I tried my damnedest to influence Chester Himes, but I got nowhere with him. After all, Chester preceded me as a writer, you know. He goes way back. Chester and I used to argue over technique and ideas, but I don’t know to what extent I influenced him; but, certainly Wright influenced me, although it was not in the simplistic way that certain pseudo-critics would insist. I’ve recorded in writing that I sought out Wright the day after he arrived in New York. I was still a musician, and it was at his suggestion that I wrote my first review and attempted my first short story. Obviously, he influenced me to begin writing. What gets overlooked is the fact that I was a rather well-read young trumpeter from Oklahoma who had studied music for most of my life, including four years of harmony in junior high and high school. I had tried composing marches and popular songs and had arranged spirituals, and I had majored in music theory and trumpet at Tuskegee. My point is that I had been concerned with art and its creation long before I met Wright.

I was also a bookworm who became interested in Wright because I had discovered Eliot, Pound and Edwin Arlington Robinson at Tuskegee. It’s interesting that no one says that I was influenced by Langston Hughes, whose work was taught in my grade school and whom I knew longer than I did Wright. I don’t think that Wright appreciated the background that I brought to his discussion of creative writing because frequently he seemed to assume that I was totally ignorant of the works under discussion. But, I didn’t argue with him. He possessed the certainty that came from having an organized body of ideas, and he could write—so having confidence in my own ability to think, I listened to him and kept my disagreements to myself.

People are still arguing over what I’ve said or haven’t said about Wright as though I have no right to disagree with him. But, they forget that I wrote some of the most appreciative criticism of him that’s ever been published. Wright and I were friends, but I quit showing him any of my fiction in 1940 after I was unable to get his reaction to a novelette.

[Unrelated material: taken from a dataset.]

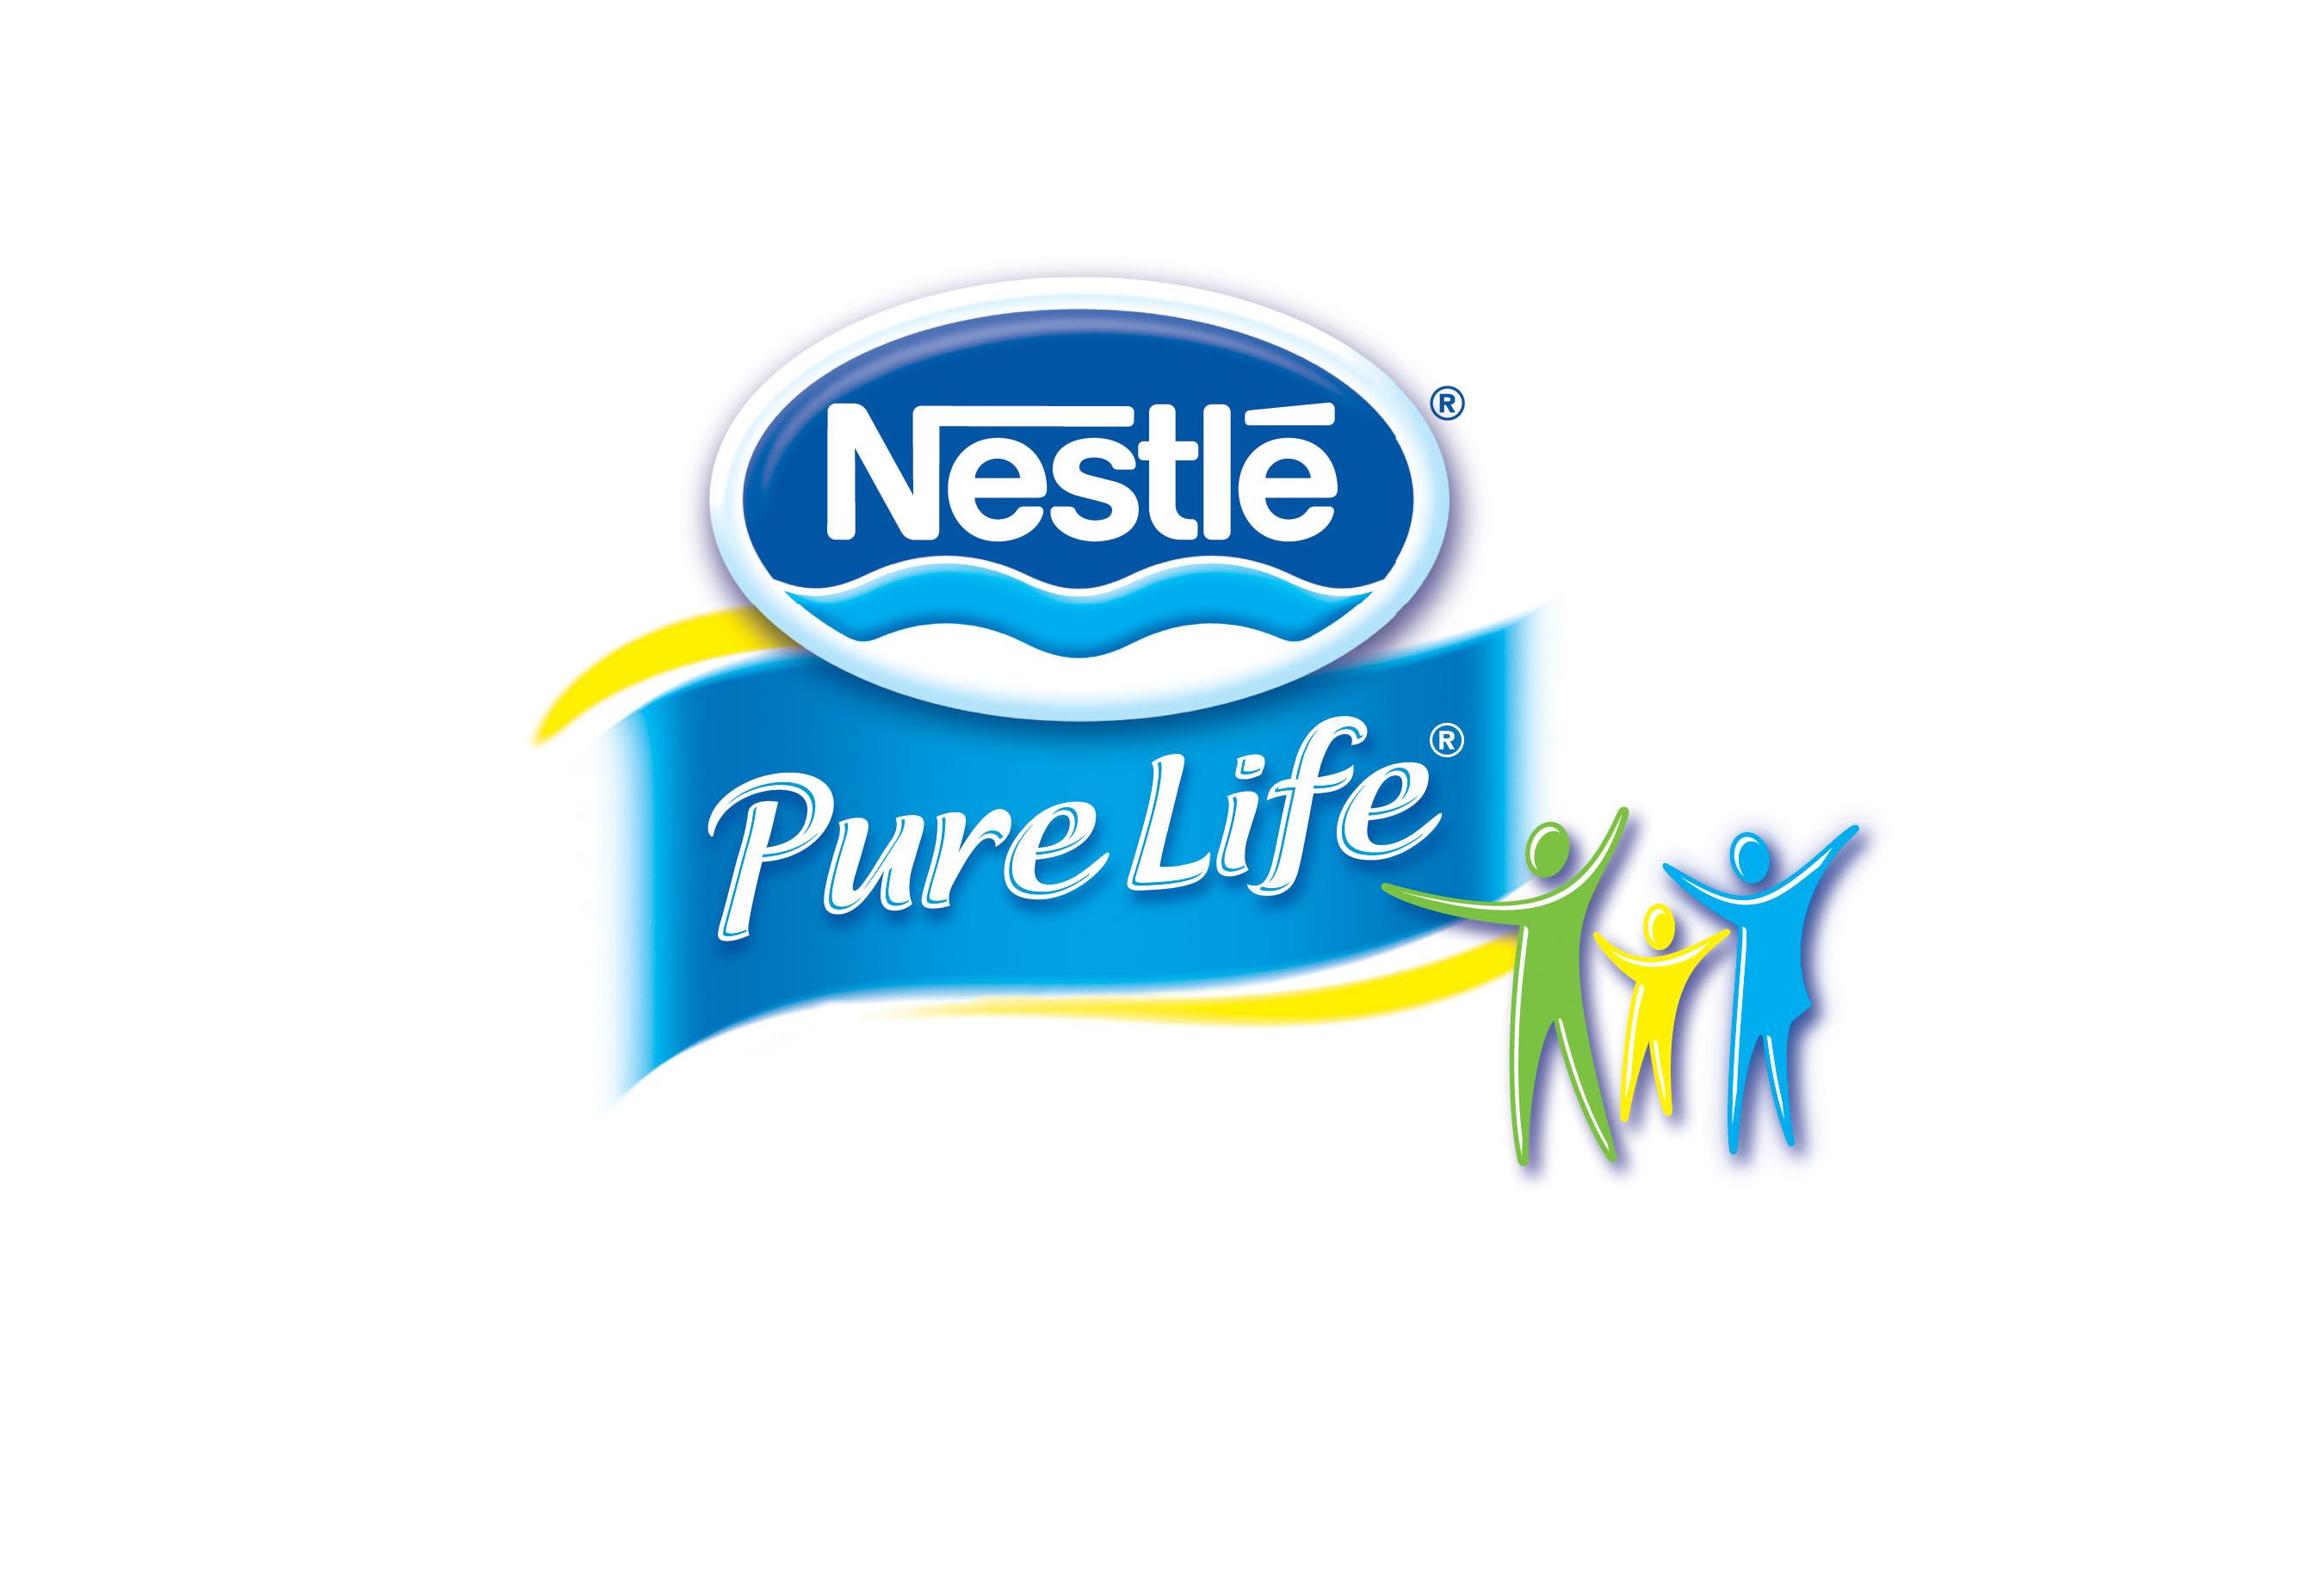 Nestlé® Pure Life® Launches Loyalty Program And Shares Valuable ...: hispanicprwire.com/en/nestle-pure-life-lanza-programa-de...

Finally, I pressed him for an opinion and he became very emotional about it and said, “Well, this is my stuff.” You might say that wish that he influenced me not to be influenced by his style of writing. . . . he was living on 140th Street, across from City College; I was living on Hamilton Terrace.

Chester Himes mentioned the incident during a television interview … with Nikki Giovanni … I find the assumption that no Negro can do anything unless another Negro had done so before him rather simple-minded, and as far as I’m concerned, it’s an inverted form of racism. An artist can’t do a damn thing about his relatives, but he can sure as hell choose his artistic ancestors. I had read Mark Twain and Hemingway, among others, long before I even heard of Wright. . . .

He [Himes] might have seen part of it [a first draft of Invisible Man], but I doubt if I showed him the whole thing. I rewrote so continuously that one draft blended into the other. But, Chester and I were friends. My wife and I knew him and his first wife, Jean, rather well, but I didn’t show my manuscript around; the 1940 incident with Wright had made me leery. I was close to Wright, but I quit showing him my fiction because I had no desire to offend him. I accepted the fact that our sensibilities were different, as were our feelings for style. But, I held no antagonism toward him.

Questions of style and influence aside, we still had a broad basis for a relationship. I admired and respected him,. And we remained friendly. During the Fifties whenever I was in Paris, I visited him, and whenever he returned to New York, he got in touch with me.